A new, sensitive and fast method for the simultaneous determination of pyrazinamide, isoniazid, streptomycin, ethambutol, and rifampicin in human plasma was developed and validated. The method required only 100 μL of plasma and one step for sample preparation by protein precipitation. The drugs were separated by using a hydrophilic interaction liquid chromatography (HILIC) column. The mobile phase was methanol and water (0.1 % formic acid and 5 mM ammonium acetate, pH 3.0 ± 0.1) in a ratio of 65:35 (v/v), which was eluted at an isocratic flow rate of 0.5 mL/min. Tandem mass spectrometry was performed with a triple-quadrupole tandem mass spectrometer. By use of the HILIC column, the detection was free of ion-pair reagents in the mobile phase, with no significant matrix effects. The total run time was less than 2 min for each sample. The method was validated by evaluating its selectivity, sensitivity, linearity, accuracy, and precision according to US Food and Drug Administration guidelines. The lower limit of quantification was 4.0 ng/mL for pyrazinamide, isoniazid, and rifampicin, 0.5 ng/mL for ethambutol, and 10.0 ng/mL for streptomycin. The intraday precision and interday precision were less than 9 %, with the accuracy ranging between −9.3 and 7.3 %. The method was successfully applied to therapeutic drug monitoring of 33 patients with tuberculosis after administration of standard antituberculosis drugs. The method has been proved to meet the high-throughput requirements in therapeutic drug monitoring.

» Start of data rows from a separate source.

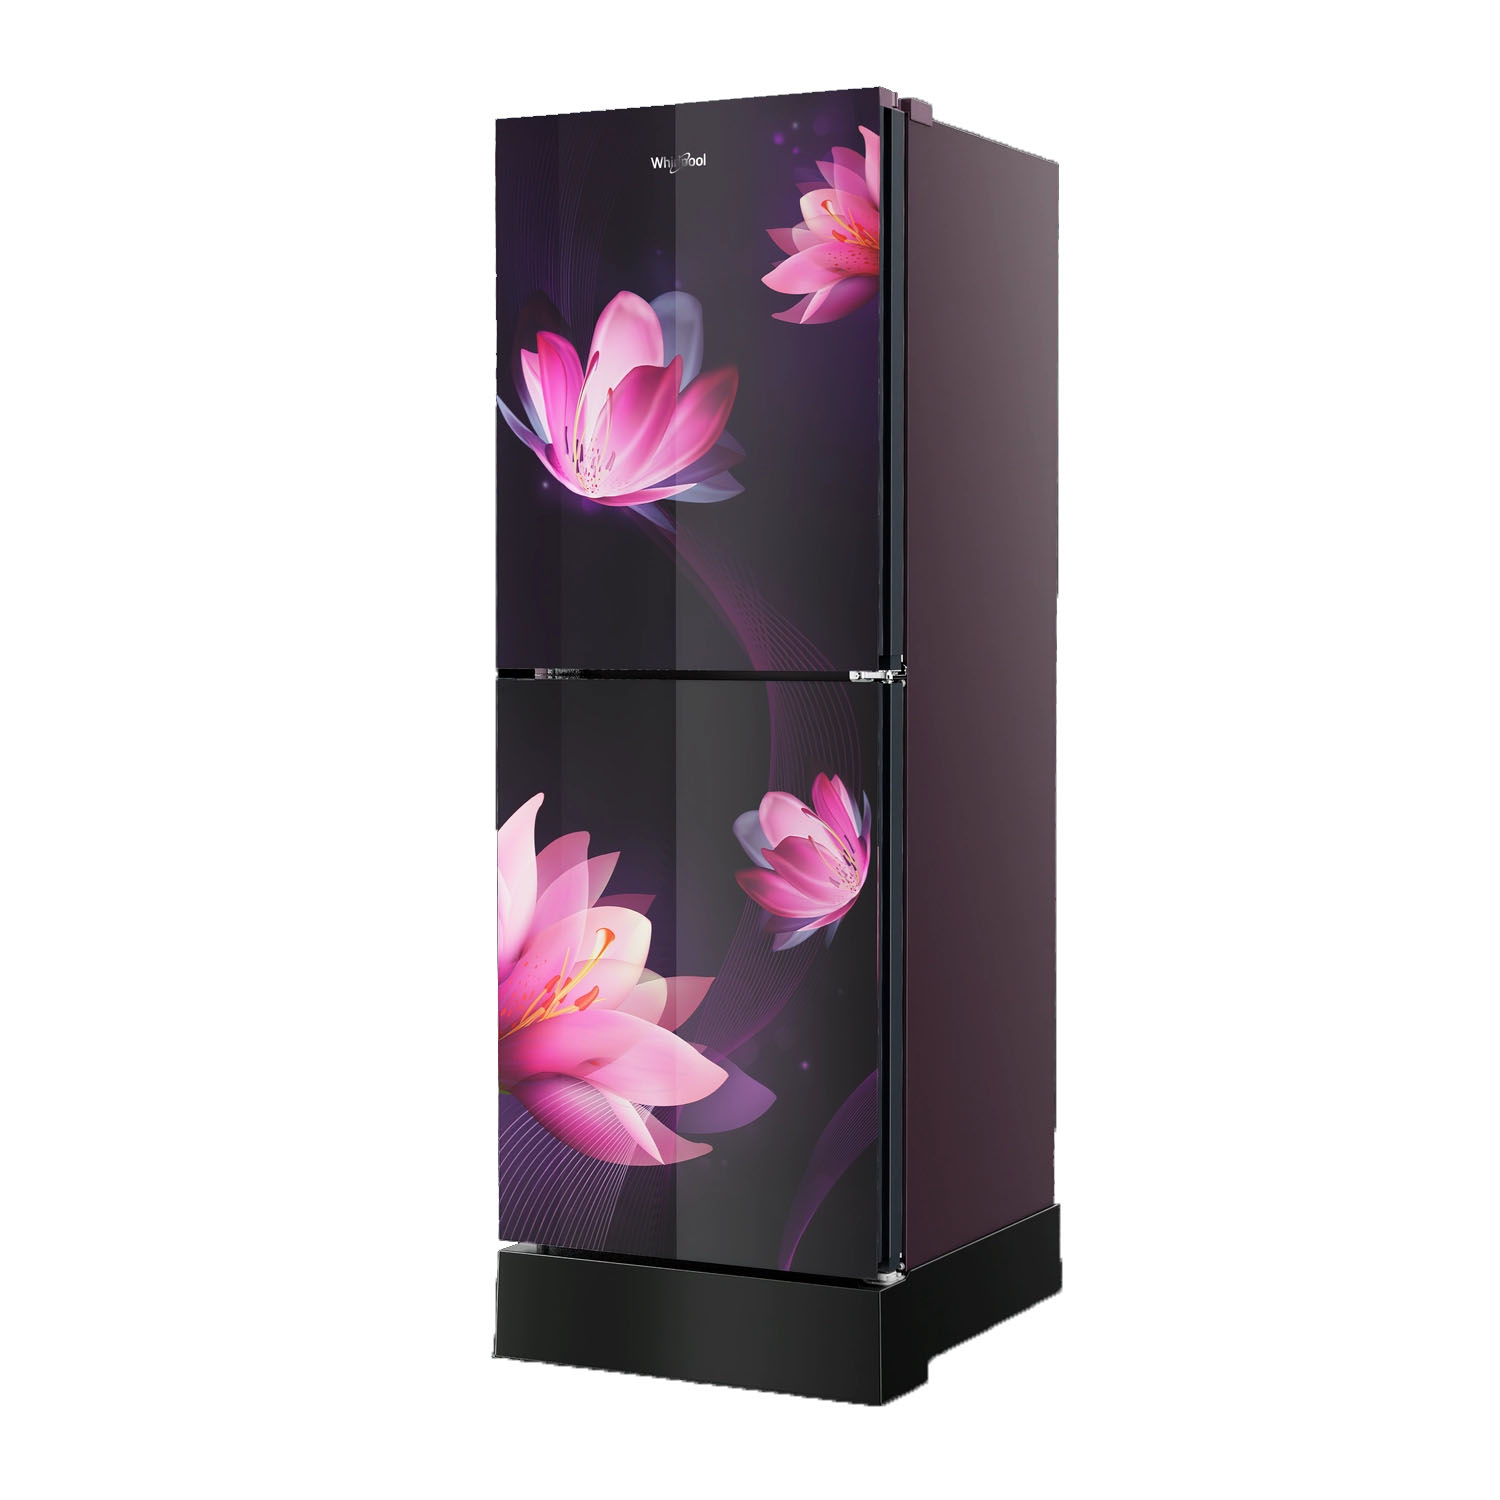 WHIRLPOOL 278 Liter Refrigerator FreshMagic Pro Florina Purple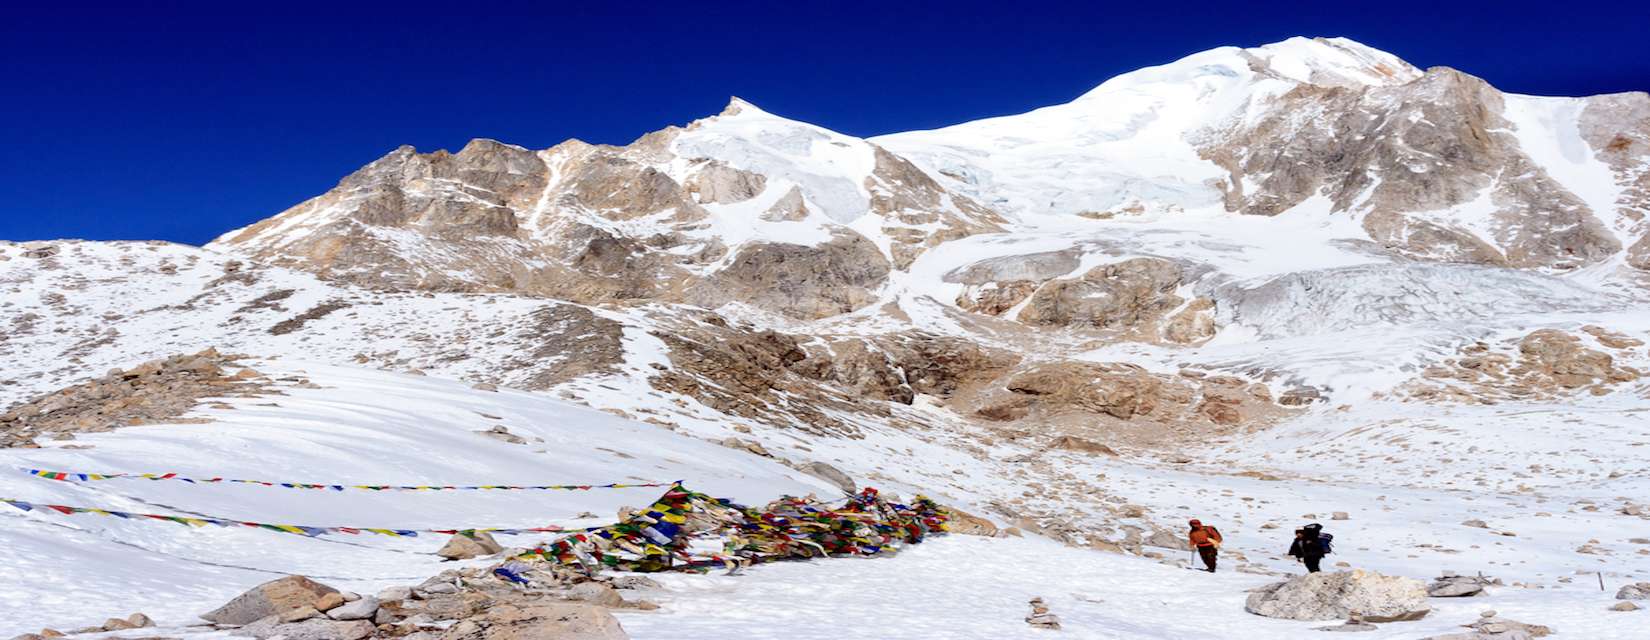 Manaslu circuit trek - Himalayan Frozen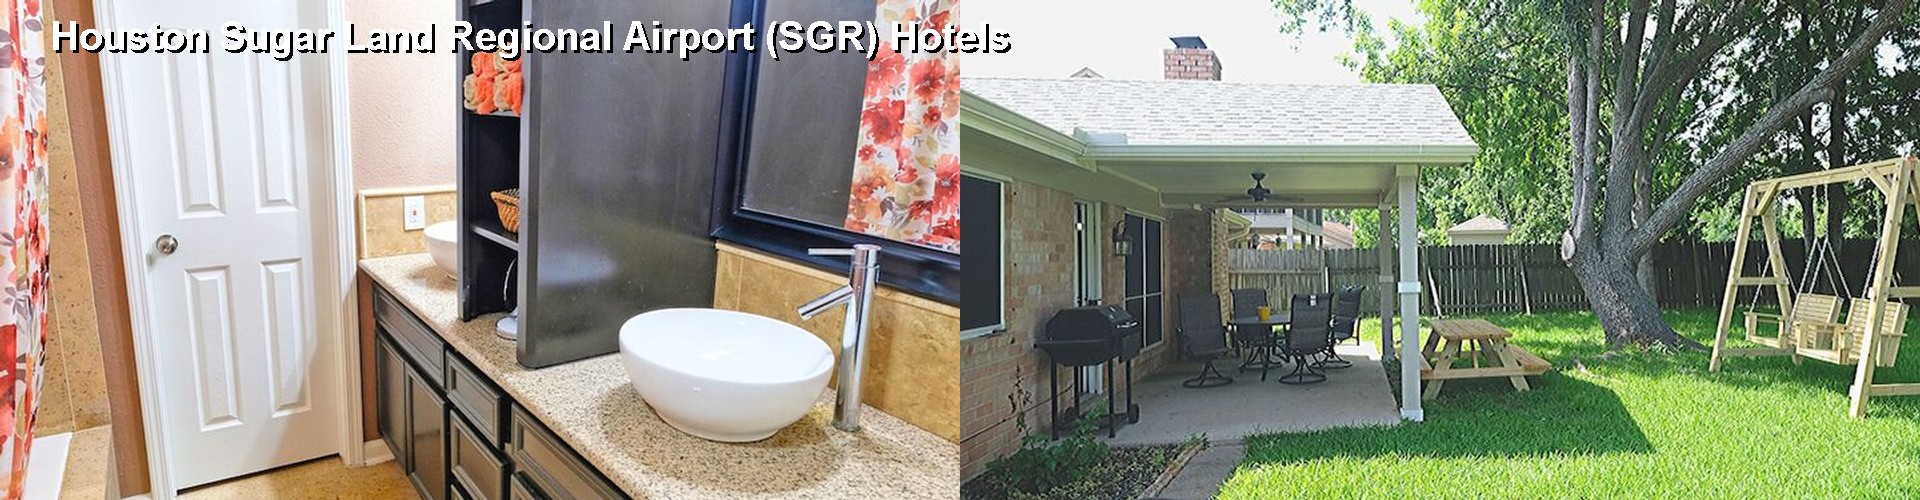 5 Best Hotels near Houston Sugar Land Regional Airport (SGR)

Scatter plots of 2-h plasma drug concentration of patients after receiving a standard medication. (The lower line and the upper line represent the low and high levels of the expected plasma concentrations of the antituberculosis drugs in tuberculosis patients. Open triangles female, age 0–20 years; closed triangles male, age 0–20 years; open diamonds female, age 21–40 years; closed diamonds male, age 21–40 years; open squares female, age 41–60 years; closed squares male, age 41–60; open circles female, age 61–80 years; closed circles male, age 61–80 years)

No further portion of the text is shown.